For the diagnosis of this disease, some antigen testing procedures are available to detect the presence of the viral envelop proteins from the nasopharyngeal fluids. But the main testing procedure used for this purpose is real-time Reverse Transcription-Polymerase Chain Reaction (RT-PCR) [2]. Other methods available are RT Loop-Mediated Isothermal Amplification (RT-LAMP) which is based on nanotechnology [2], detection of plasmonic meta-sensors even when low-molecular-weight biomolecules are available at low densities, different modern techniques like toroidal meta-surface technology to diagnose the disease is also under study [1].

Antibodies against the COVID-19 viruses are detected from the serum mainly by enzyme-linked immunosorbent assay using a qualitative detection of IgG or IgM antibodies raised against the virus by the infected individuals at different time intervals [2].

Vaccination of the people and use of medicines like corticosteroids, antivirals, antibiotics, etc. are the procedures used presently to control the pandemic. Many synthetic drugs are tested for their efficacy and later rejected from the treatment schedule for not getting desirable or satisfactory effects [3].

The idea of using succulent parts of medicinal plants as bio-medicine is perhaps reverse to the concept of Modern medicine, which generally targets the development of the medicines synthetically. The contemporary Ayurvedic medicines available in the market and almost all other medicines prepared using herbal sources use mostly the dried parts of medicinal plants. Drying and all other processing procedures generally negatively affect the bio-availability of the phytoconstituents actually present in any part of a living plant, both in consideration of number, quantity and quality [4, 5]. Boiling of the medicinal plant parts to prepare decoctions has the same type of limitations [5-7].
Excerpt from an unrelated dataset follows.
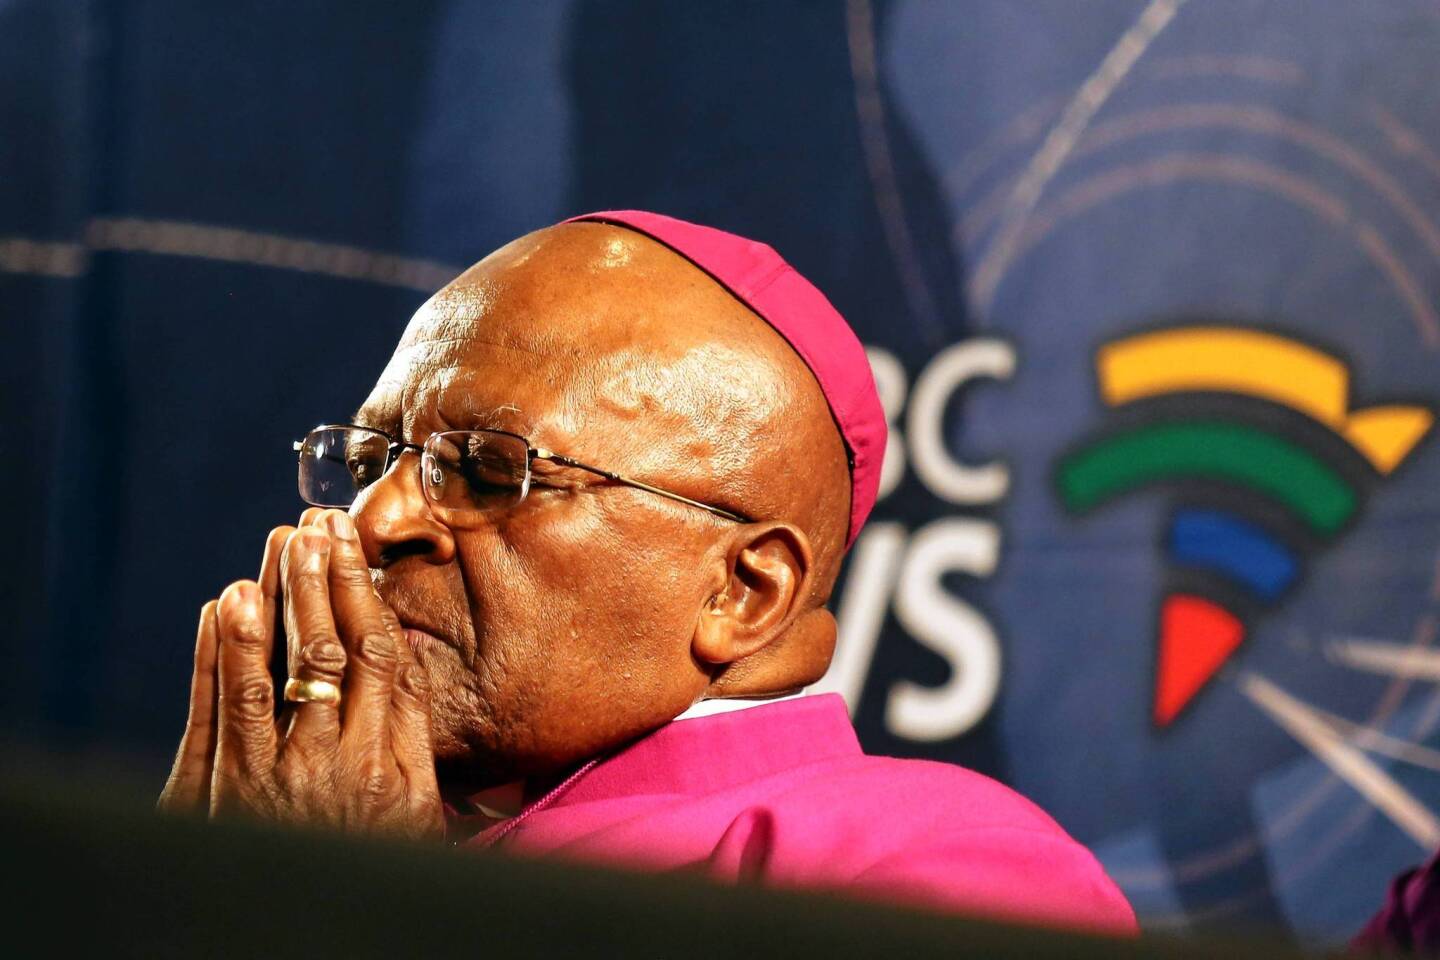 South Africa's Archbishop Desmond Tutu pauses for a moment during a media briefing in Cape Town, a day after the death of his friend and former South African President Nelson Mandela.

For initiation and maintenance of different infectious as well as non-infectious diseases, the effect of lifestyle-related factors can never be neglected. The ‘permitted’ synthetic chemicals and known toxic chemicals of different names and categories that enter inside our body system may act cumulatively and so can reduce the normal disease preventive power of the body. That can accelerate or trigger the genetic predisposition and/ or catching as well as the spread of different diseases [6, 7].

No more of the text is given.